• **SUPPLIED RECORDS**
+===+

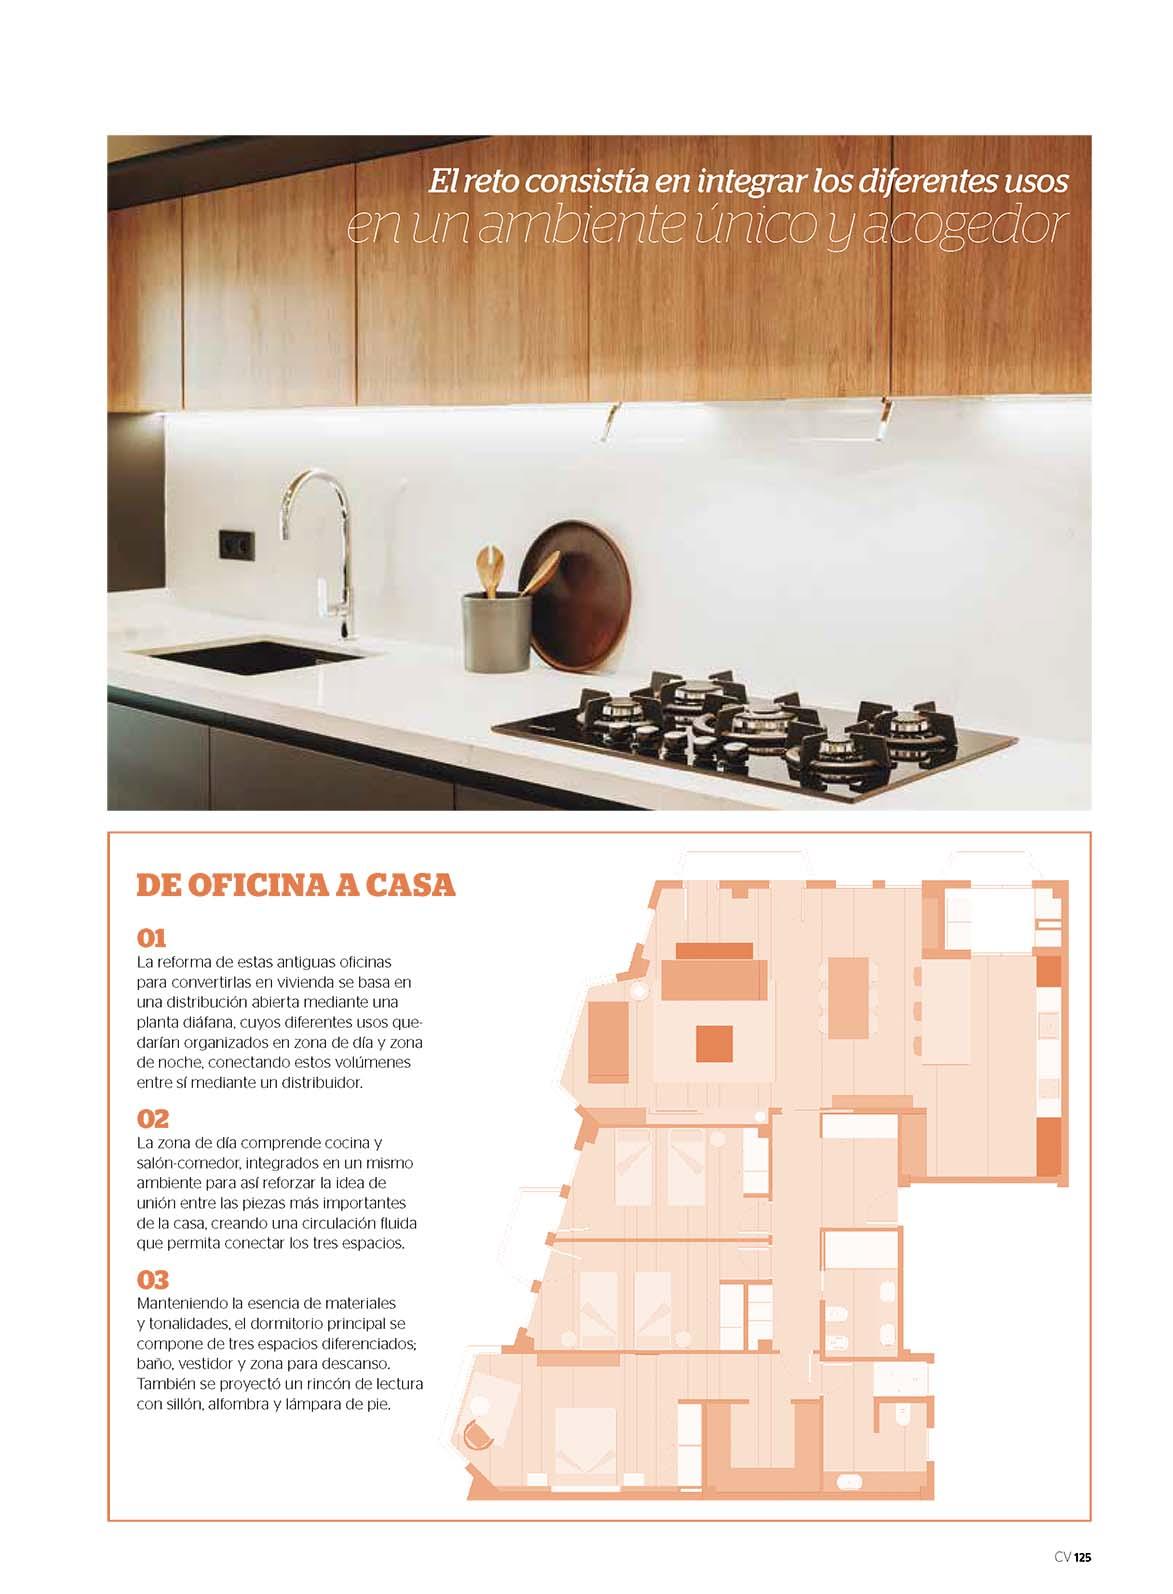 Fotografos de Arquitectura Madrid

+===+

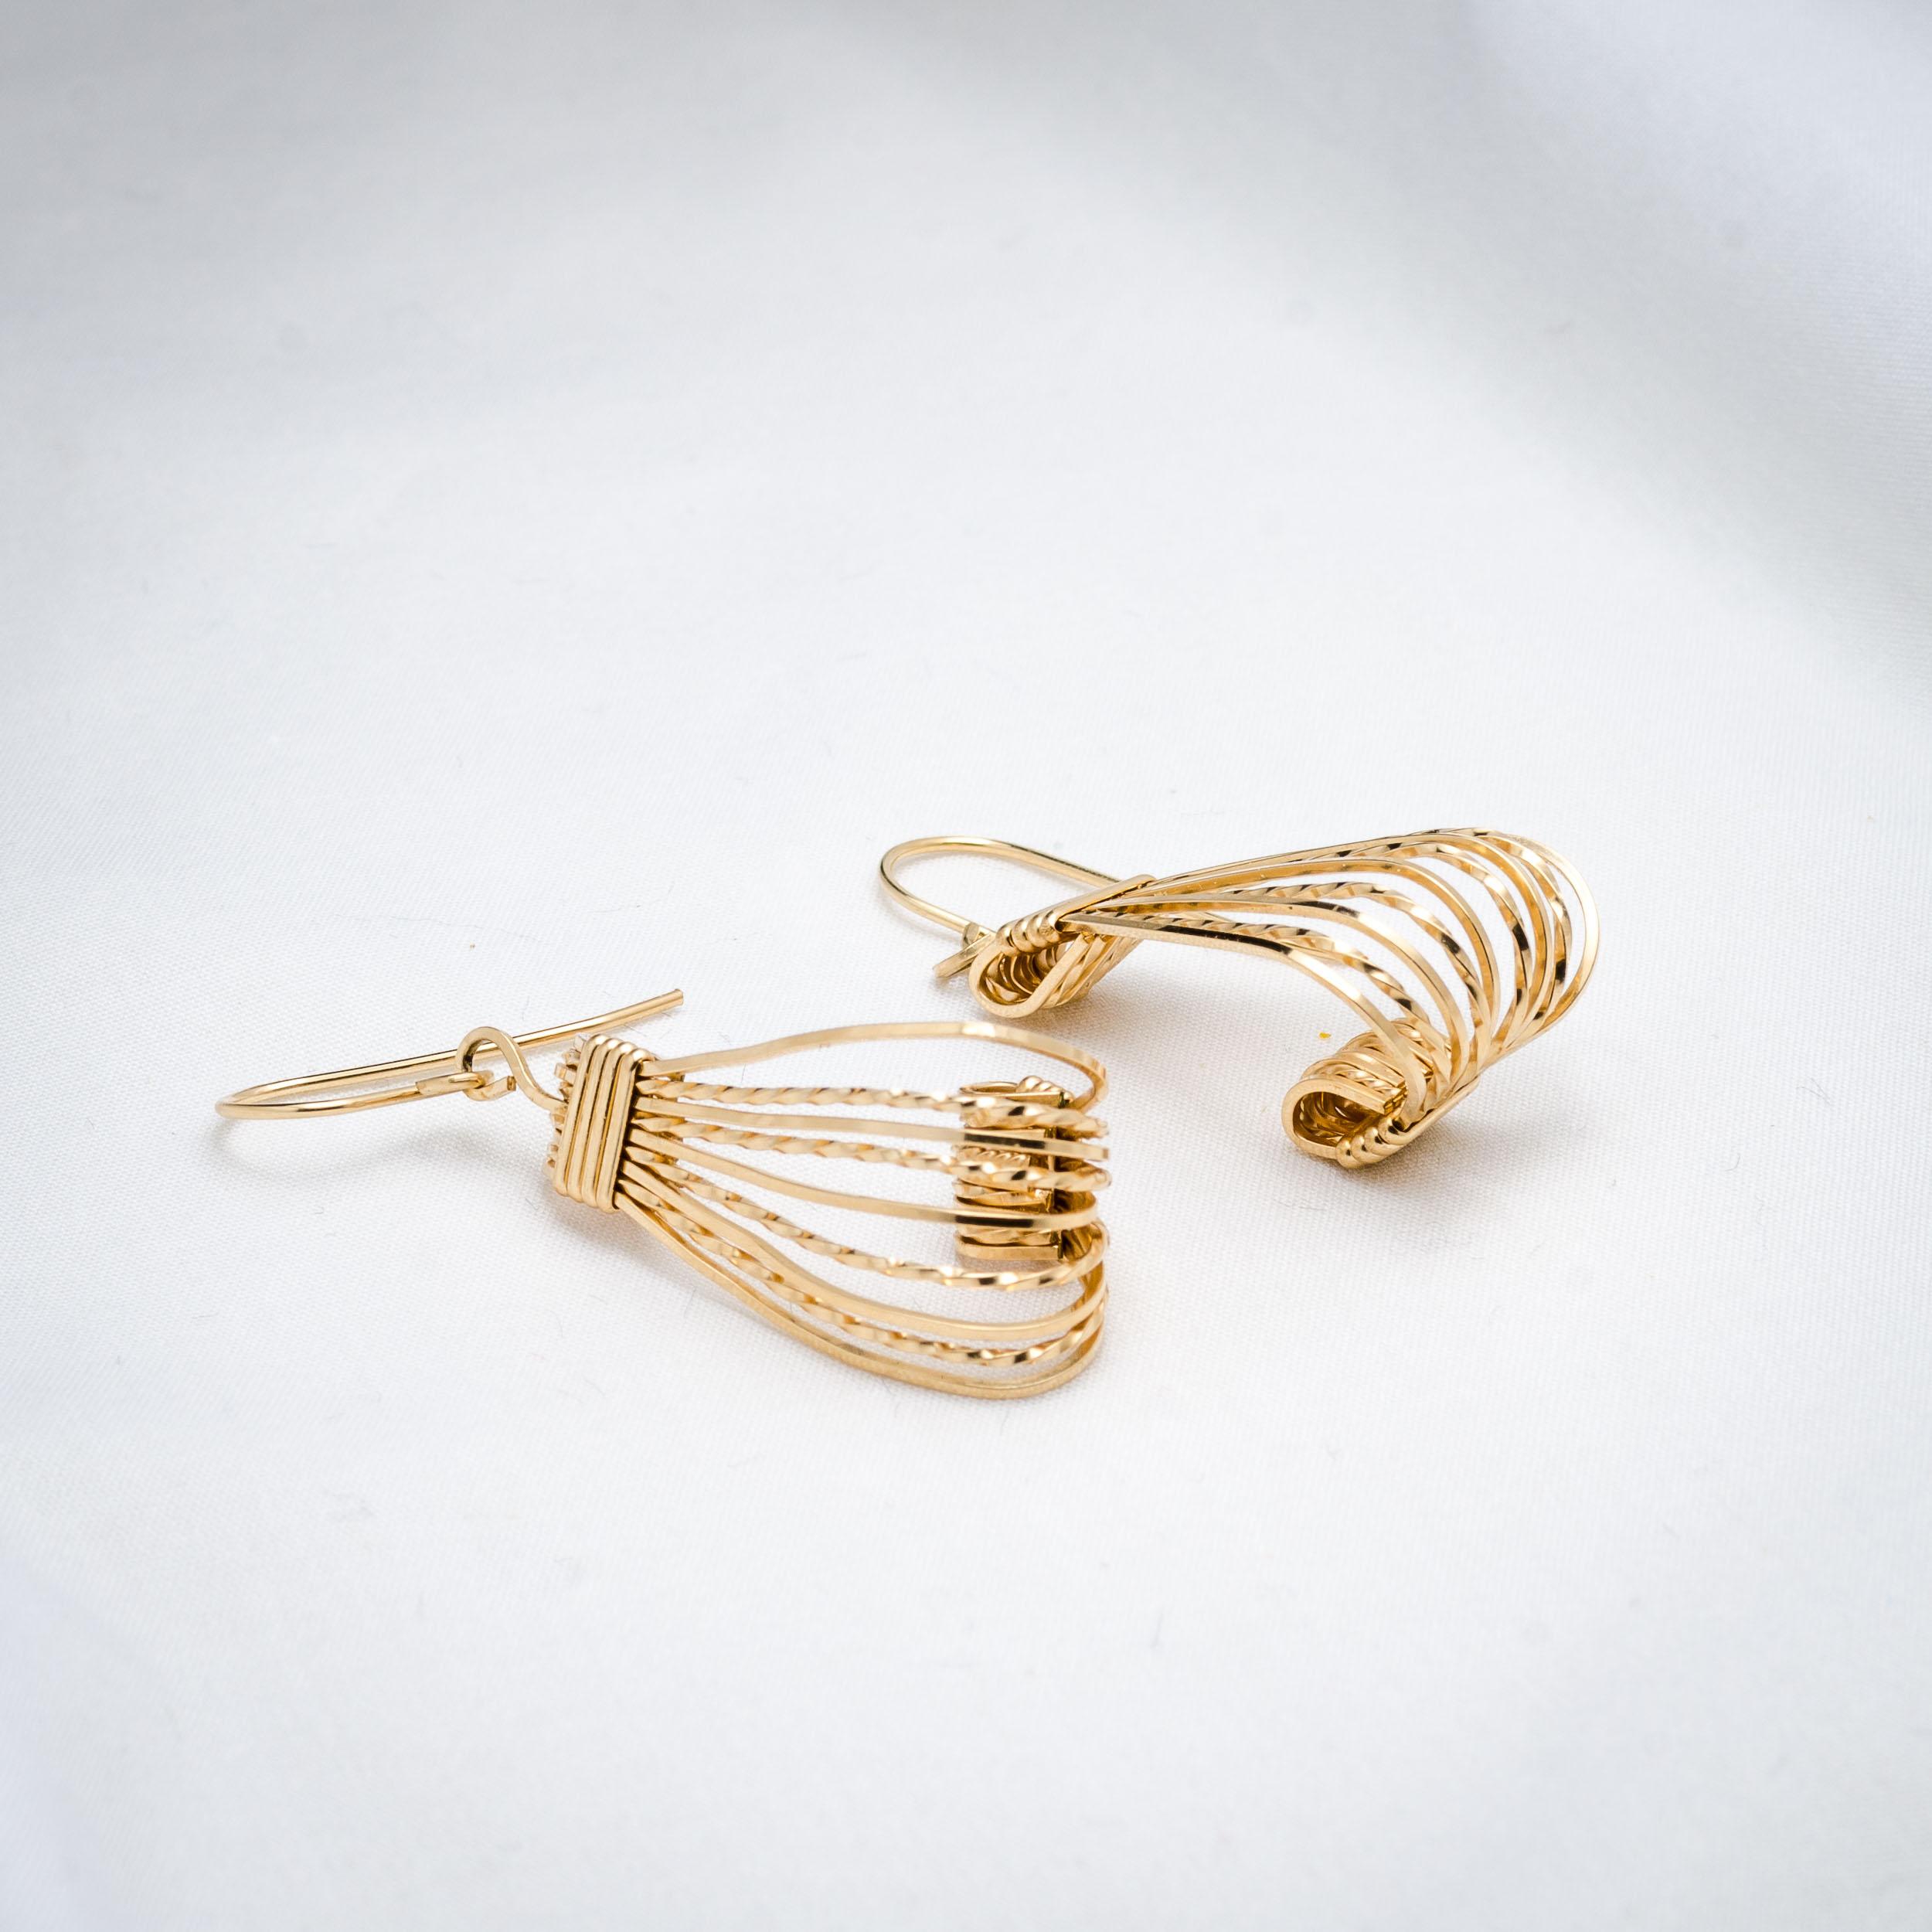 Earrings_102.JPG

+===+

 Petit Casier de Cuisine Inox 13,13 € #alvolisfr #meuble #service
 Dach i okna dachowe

+===+

• **WORK INSTRUCTION**
Only the lines above from the line with "Petit Casier de" to the line with "Dach i okna dachowe", those two lines included, should be reproduced exactly.

• **ANSWER SPACE**
 Petit Casier de Cuisine Inox 13,13 € #alvolisfr #meuble #service
 Dach i okna dachowe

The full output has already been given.